Nov
16
2009
At Elena’s flat in Buenos Aires, we were taking an inordinately long time to clean our teeth, and we had three tubes of toothpaste — but all at the identical stage of oversqueeze. (Thanks for the charming photo, Elena.)
Is it worth cutting off the lids and scraping the aluminium lining? When is it time to buy a new tube? Should I stick with the tried and true or risk a new brand? Why not go without for a while (salt and water served the ancesters, and frayed sticks)? How about having them removed (the teeth)? Or making a whole new hybrid product: is the world ready yet for cybertoothpasta?
2 comments
Nov
12
2009
A few (more) of us lost jobs this week; yes, Longacre Press is moving north, to live on Random’s verandah. So, it’s Opportunity Time. I went off to ponder mine in Naseby, ‘2000 feet above worry level’. Polly was in dog heaven, sniffing and poking and rolling about wherever rabbits have been — which is everywhere. The air was clear and so was my head. I had an idea and it seemed like a good one.
Back home, it doesn’t look quite as simple but I’m toying with a sort of manuscript consultancy seguing into a kind of publishing mumble-mumble…
Watch this space — or send me your manuscript.
no comments
Nov
6
2009
I’ve tried to translate what Elena wrote to me (with the photos — thanks, Elena) about this important day in Jujuy in the north of Argentina; this is the gist, anyway, of the bits I could manage:
… people don’t go to work because their dead are expecting them. As I live near a cemetery park, I find myself in the middle of the fiesta …The night before, in their houses, they set up a table with bread for an offering — bread that substitutes for whatever the dead loved in life; also they prepare their favourite food and drink. They leave the table set up when they go to sleep so that the souls can come at sit down at their leisure, eat and drink with gusto and without frightening anyone ….
Although I live in the country, in a very peaceful place, today the house is surrounded by cars, people have been coming to the cemetery since morning … to share lunch with their loved ones … They put coloured paper flowers on the graves and have a kind of picnic, they drink chicha and dance until they ‘drop dead’.

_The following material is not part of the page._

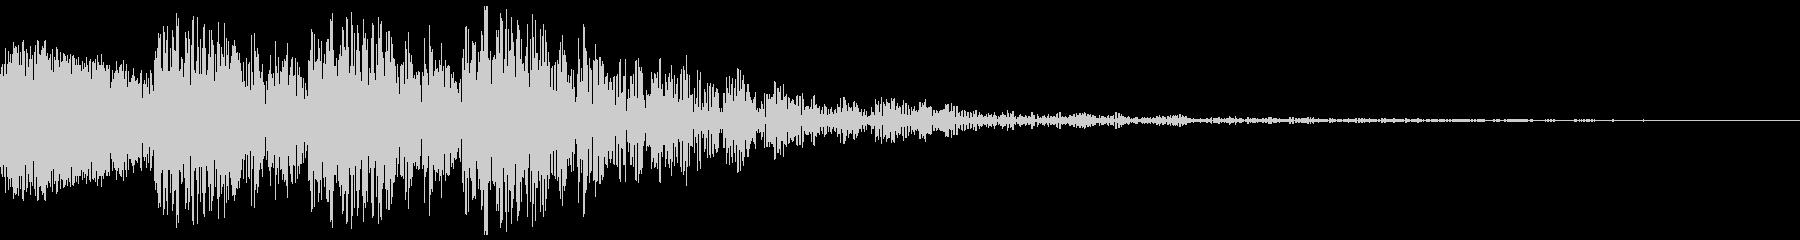 文字のインパクト音が4回鳴ります。の未再生の波形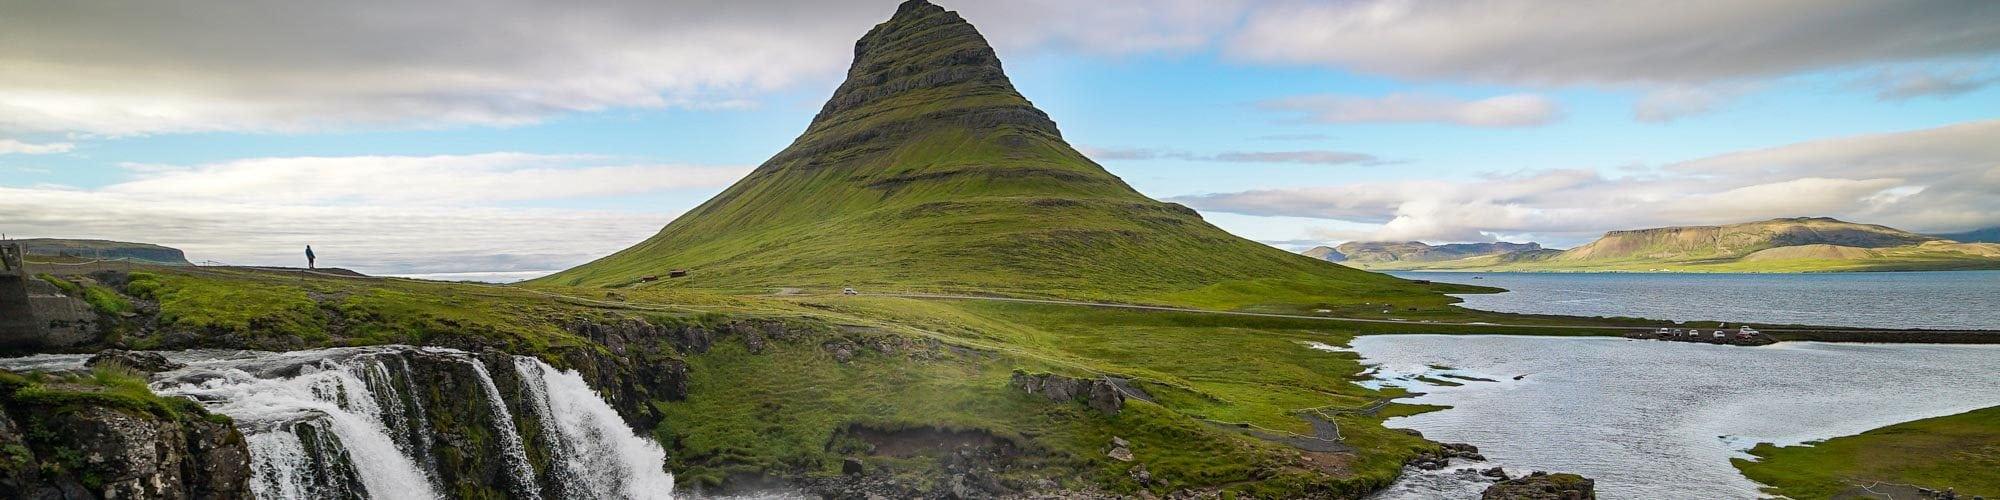 Kirkjufell Mountain on Snaefellsnes

2 noviembre — pane y chicha por los muertos
The dead are allowed until midnight.
no comments
Nov
2
2009

Pueblo de los muertos
In Argentina the dead are given the goods: their own miniature town with the best view in the neighbourhood, flowers galore, gossipy prayer sessions with the living, and food. On the annual ‘day of the dead’ families spread picnics on the graves including the dead one’s favourite dishes, tell stories, and celebrate their life and memory.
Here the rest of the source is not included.